* Entries shown
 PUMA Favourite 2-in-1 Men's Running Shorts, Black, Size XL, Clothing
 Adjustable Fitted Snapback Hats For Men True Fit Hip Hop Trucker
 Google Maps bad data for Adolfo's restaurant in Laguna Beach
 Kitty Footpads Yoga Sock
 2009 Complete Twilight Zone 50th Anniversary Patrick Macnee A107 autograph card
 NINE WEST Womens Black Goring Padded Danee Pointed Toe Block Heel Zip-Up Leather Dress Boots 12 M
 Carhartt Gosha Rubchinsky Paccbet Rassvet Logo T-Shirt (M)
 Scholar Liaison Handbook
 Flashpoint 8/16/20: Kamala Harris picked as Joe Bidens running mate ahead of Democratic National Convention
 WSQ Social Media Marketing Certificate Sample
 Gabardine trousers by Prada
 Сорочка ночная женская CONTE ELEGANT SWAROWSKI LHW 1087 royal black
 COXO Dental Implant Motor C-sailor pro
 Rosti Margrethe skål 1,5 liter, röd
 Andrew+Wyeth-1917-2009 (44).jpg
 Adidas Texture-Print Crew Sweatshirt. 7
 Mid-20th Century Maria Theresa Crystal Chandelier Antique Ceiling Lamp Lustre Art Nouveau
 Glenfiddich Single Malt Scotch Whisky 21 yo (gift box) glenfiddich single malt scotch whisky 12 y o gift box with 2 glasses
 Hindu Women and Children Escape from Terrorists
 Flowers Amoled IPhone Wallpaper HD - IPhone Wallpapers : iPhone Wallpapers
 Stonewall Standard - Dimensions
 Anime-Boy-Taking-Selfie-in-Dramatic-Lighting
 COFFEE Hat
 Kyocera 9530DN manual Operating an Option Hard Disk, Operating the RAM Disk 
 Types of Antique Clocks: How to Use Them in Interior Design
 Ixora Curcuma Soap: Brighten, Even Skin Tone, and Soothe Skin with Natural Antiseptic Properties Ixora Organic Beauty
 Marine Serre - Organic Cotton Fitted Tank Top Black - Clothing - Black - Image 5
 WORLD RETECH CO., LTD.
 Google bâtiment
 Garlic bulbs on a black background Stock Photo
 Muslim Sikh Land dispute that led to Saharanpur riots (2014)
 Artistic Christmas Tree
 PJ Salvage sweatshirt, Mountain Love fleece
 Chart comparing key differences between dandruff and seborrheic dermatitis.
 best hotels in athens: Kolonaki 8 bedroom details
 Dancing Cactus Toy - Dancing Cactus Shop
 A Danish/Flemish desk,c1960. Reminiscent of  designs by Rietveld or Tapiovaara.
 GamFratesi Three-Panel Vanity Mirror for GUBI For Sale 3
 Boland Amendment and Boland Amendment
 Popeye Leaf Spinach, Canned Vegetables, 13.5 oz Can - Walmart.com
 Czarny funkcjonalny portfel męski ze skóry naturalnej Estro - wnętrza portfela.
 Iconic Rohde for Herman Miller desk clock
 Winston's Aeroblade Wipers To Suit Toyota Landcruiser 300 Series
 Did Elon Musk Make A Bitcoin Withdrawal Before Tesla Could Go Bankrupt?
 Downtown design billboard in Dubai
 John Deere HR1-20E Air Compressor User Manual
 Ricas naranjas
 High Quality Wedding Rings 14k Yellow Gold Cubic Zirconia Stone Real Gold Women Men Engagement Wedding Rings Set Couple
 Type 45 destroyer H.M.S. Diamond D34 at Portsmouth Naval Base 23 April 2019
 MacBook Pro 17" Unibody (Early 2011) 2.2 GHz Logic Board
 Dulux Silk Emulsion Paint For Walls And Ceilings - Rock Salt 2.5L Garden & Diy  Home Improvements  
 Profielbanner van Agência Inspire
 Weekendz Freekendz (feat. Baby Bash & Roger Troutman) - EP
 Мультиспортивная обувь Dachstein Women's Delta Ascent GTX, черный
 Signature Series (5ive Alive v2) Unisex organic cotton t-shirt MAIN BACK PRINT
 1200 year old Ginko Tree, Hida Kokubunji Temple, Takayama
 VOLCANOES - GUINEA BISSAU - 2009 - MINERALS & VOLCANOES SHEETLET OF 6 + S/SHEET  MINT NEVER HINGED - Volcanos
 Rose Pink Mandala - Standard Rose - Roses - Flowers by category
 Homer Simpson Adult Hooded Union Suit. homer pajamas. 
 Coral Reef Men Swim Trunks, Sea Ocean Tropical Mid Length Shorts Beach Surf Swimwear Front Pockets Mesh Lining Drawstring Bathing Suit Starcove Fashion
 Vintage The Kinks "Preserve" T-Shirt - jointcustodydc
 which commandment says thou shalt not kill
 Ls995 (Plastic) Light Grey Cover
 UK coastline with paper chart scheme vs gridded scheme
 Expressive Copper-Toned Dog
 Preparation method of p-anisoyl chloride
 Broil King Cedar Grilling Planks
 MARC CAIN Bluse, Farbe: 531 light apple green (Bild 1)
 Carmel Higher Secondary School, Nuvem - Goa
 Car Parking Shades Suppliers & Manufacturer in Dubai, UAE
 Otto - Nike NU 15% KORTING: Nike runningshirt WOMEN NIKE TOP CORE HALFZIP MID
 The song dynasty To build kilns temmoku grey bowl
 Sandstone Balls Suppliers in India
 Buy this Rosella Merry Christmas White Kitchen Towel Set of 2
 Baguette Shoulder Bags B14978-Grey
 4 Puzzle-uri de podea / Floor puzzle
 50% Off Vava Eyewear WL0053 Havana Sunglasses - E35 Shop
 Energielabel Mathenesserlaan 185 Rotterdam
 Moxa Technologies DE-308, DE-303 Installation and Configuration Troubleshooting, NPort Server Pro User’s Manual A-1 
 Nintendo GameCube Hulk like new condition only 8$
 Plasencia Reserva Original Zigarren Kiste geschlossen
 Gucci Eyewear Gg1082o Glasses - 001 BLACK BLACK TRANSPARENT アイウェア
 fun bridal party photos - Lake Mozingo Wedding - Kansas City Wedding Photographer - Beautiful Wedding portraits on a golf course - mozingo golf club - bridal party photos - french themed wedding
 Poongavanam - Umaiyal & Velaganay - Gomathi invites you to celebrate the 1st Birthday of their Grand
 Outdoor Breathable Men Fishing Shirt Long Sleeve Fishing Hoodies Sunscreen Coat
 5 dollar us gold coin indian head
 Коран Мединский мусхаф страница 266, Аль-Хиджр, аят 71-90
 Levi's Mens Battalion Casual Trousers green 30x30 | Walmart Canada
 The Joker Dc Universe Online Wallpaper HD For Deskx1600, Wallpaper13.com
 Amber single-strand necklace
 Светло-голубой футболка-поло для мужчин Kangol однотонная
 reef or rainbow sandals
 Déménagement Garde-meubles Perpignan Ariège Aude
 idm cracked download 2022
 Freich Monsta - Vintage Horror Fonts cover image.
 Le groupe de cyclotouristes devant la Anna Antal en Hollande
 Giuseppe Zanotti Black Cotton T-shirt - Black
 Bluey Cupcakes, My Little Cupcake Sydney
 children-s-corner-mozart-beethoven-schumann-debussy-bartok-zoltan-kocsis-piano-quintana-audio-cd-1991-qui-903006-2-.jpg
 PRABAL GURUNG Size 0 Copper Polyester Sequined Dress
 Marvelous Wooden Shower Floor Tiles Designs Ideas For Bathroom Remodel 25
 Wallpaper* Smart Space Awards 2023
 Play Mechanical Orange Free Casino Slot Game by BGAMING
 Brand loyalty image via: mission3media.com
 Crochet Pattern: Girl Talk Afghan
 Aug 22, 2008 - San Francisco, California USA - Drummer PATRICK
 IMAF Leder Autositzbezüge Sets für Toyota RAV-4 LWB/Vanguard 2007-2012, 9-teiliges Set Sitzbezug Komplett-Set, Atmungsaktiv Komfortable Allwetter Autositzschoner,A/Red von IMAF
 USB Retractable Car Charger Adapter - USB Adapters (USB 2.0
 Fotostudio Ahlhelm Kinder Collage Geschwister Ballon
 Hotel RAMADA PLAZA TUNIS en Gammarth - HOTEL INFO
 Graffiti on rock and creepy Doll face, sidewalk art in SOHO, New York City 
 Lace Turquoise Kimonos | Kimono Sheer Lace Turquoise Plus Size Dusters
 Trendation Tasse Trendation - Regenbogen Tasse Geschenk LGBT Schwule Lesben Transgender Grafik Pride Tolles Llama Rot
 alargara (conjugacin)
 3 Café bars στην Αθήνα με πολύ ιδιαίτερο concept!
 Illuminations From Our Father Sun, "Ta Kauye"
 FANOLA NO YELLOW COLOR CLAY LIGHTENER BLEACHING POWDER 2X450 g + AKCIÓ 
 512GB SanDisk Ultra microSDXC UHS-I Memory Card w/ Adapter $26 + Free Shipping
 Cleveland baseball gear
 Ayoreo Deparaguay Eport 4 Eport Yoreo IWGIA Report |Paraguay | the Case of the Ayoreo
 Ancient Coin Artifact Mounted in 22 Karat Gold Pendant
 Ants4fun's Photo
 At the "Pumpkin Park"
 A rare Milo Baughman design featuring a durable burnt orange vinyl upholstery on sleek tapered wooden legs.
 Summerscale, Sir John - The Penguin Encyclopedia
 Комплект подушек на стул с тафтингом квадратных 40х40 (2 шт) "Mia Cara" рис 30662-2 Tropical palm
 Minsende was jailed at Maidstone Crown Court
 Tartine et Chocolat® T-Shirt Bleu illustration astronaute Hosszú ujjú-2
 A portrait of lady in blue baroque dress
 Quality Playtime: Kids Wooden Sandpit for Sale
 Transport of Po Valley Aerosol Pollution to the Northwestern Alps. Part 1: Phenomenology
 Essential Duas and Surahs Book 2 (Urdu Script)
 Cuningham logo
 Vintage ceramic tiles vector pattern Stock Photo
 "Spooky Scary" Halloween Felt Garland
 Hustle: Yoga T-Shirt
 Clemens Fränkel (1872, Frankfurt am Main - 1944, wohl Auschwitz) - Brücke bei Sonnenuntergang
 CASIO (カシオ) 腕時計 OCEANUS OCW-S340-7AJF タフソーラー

* Work instruction
Within the data above, the span starting at the line containing "NINE WEST Womens" and ending at the line containing "Iconic Rohde for Herman Miller desk clock" is to be retyped exactly, with no other lines.

* Your response
 NINE WEST Womens Black Goring Padded Danee Pointed Toe Block Heel Zip-Up Leather Dress Boots 12 M
 Carhartt Gosha Rubchinsky Paccbet Rassvet Logo T-Shirt (M)
 Scholar Liaison Handbook
 Flashpoint 8/16/20: Kamala Harris picked as Joe Bidens running mate ahead of Democratic National Convention
 WSQ Social Media Marketing Certificate Sample
 Gabardine trousers by Prada
 Сорочка ночная женская CONTE ELEGANT SWAROWSKI LHW 1087 royal black
 COXO Dental Implant Motor C-sailor pro
 Rosti Margrethe skål 1,5 liter, röd
 Andrew+Wyeth-1917-2009 (44).jpg
 Adidas Texture-Print Crew Sweatshirt. 7
 Mid-20th Century Maria Theresa Crystal Chandelier Antique Ceiling Lamp Lustre Art Nouveau
 Glenfiddich Single Malt Scotch Whisky 21 yo (gift box) glenfiddich single malt scotch whisky 12 y o gift box with 2 glasses
 Hindu Women and Children Escape from Terrorists
 Flowers Amoled IPhone Wallpaper HD - IPhone Wallpapers : iPhone Wallpapers
 Stonewall Standard - Dimensions
 Anime-Boy-Taking-Selfie-in-Dramatic-Lighting
 COFFEE Hat
 Kyocera 9530DN manual Operating an Option Hard Disk, Operating the RAM Disk 
 Types of Antique Clocks: How to Use Them in Interior Design
 Ixora Curcuma Soap: Brighten, Even Skin Tone, and Soothe Skin with Natural Antiseptic Properties Ixora Organic Beauty
 Marine Serre - Organic Cotton Fitted Tank Top Black - Clothing - Black - Image 5
 WORLD RETECH CO., LTD.
 Google bâtiment
 Garlic bulbs on a black background Stock Photo
 Muslim Sikh Land dispute that led to Saharanpur riots (2014)
 Artistic Christmas Tree
 PJ Salvage sweatshirt, Mountain Love fleece
 Chart comparing key differences between dandruff and seborrheic dermatitis.
 best hotels in athens: Kolonaki 8 bedroom details
 Dancing Cactus Toy - Dancing Cactus Shop
 A Danish/Flemish desk,c1960. Reminiscent of  designs by Rietveld or Tapiovaara.
 GamFratesi Three-Panel Vanity Mirror for GUBI For Sale 3
 Boland Amendment and Boland Amendment
 Popeye Leaf Spinach, Canned Vegetables, 13.5 oz Can - Walmart.com
 Czarny funkcjonalny portfel męski ze skóry naturalnej Estro - wnętrza portfela.
 Iconic Rohde for Herman Miller desk clock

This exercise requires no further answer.